On the radio, he appealed to the soldiers who were poised to attack. "You can erect a throne on bayonets, but you cannot sit on it for long," he said. "The days of the conspirators are numbered."
For three days, Yeltsin barely slept. When the coup collapsed of the plotters' own incompetence, he was a hero. Gorbachev, eclipsed by his rival, was a spent force. Yeltsin introduced a new Russian flag: a red, white and blue tricolor first used by Peter the Great.
A Troubled PresidencyOn Dec. 8, 1991, Yeltsin and the leaders of the other Soviet Slavic republics, Ukraine and Byelorussia (now Belarus), signed a treaty that effectively rendered the Soviet Union extinct, leaving 15 newly independent states, including Yeltsin's Russia. Twenty-five million ethnic Russians found themselves stranded outside Russia's borders.
The euphoria that followed the failed August coup yielded to deep fears about the economy. Russians were dealt a harsh blow at the New Year when Yeltsin's new team of bright, young, Western-oriented economists freed most prices from the command system that had set them for decades. Although stores' shelves filled up and long lines for scarce products disappeared, hyperinflation seized the country.

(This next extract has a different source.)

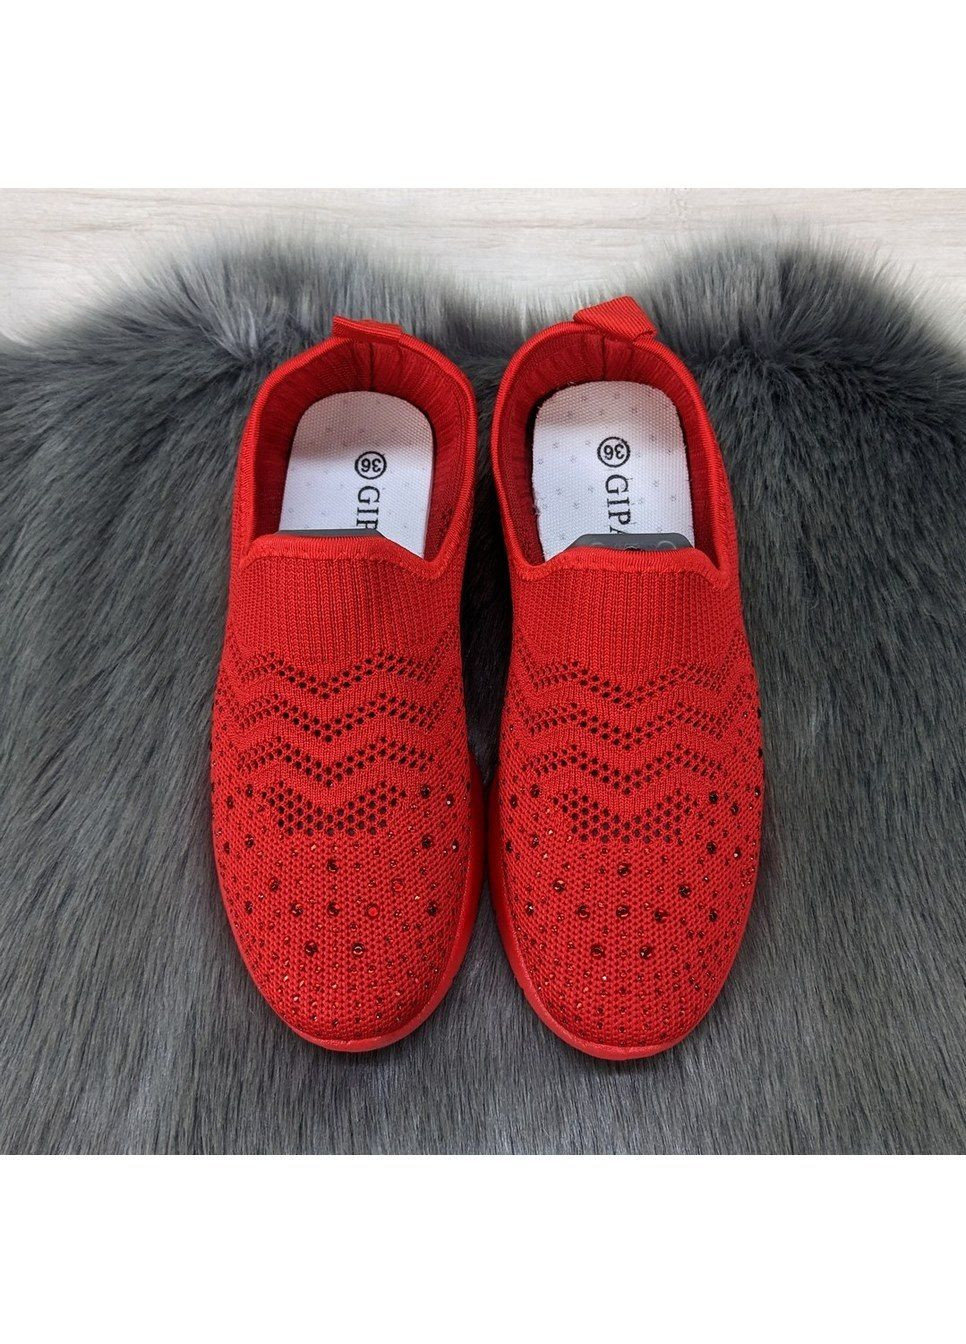 Красные летние кроссовки женские текстильные без шнурков Gipanis

Yeltsin's next reform was in many ways his most profound -- privatizing the colossal industrial archipelago of the Soviet Union. Yeltsin distributed 144 million privatization vouchers to the people. "We need millions of owners, not hundreds of millionaires," he declared. But instead he got the millionaires. Scooping up the state's riches, they made Moscow a boom town full of construction projects, flashy cars and expensive casinos, clubs and restaurants.

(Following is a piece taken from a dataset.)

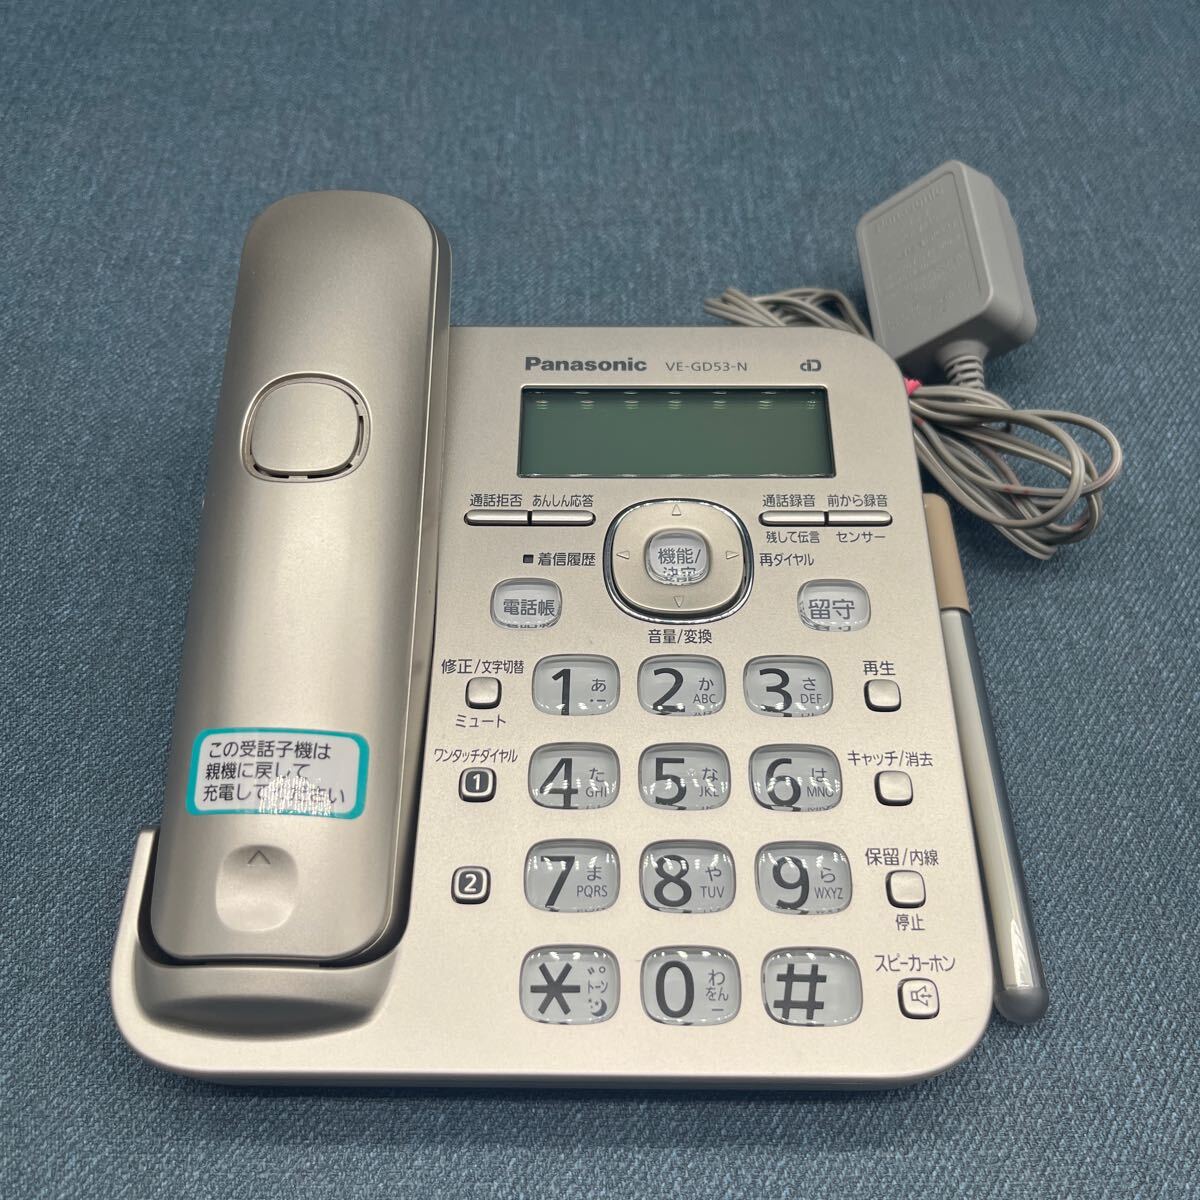 765 Panasonic コードレス電話機 パナソニック VE-GD53-N KX-FKD352-N シャンパンゴールド_画像1

Those left behind seethed with anger. Millions of workers at state-owned factories and enterprises were not receiving their paltry pay, or receiving it months late. Government corruption and protection rackets flourished in nearly every major city. The government was hooked on foreign loans. Reforms bogged down. Some allies who had stood with Yeltsin during the August coup now broke with him.
Yeltsin tried to defuse the mounting tension but ultimately parliament rebelled. He dissolved it and called new elections. Many of the lawmakers refused to leave, and their hard-line allies staged defiant rallies. On Oct. 3, 1993, they rampaged through Moscow's streets, attacking police and the main state television station. Yeltsin, after a night of cajoling his generals, called out the army. The next day, tanks shelled the parliament into submission.
In 1996, Yeltsin's standing in the polls was at rock bottom when he rallied for a reelection campaign against the Communist candidate, Gennady Zyuganov. Yeltsin won, and soon thereafter underwent major heart surgery. The next year came a boom in the economy, but in 1998 the ruble crashed and the government defaulted on its debts, an economic crisis that only deepened disenchantment.
In the later years of his presidency, Yeltsin grew isolated and remote, like the party elders he had so harshly criticized. Fewer and fewer Russians paid attention. "Many of our hopes have not come true," he said in his final televised address, asking the Russian people to forgive him. "What we thought would be easy turned out to be painfully difficult."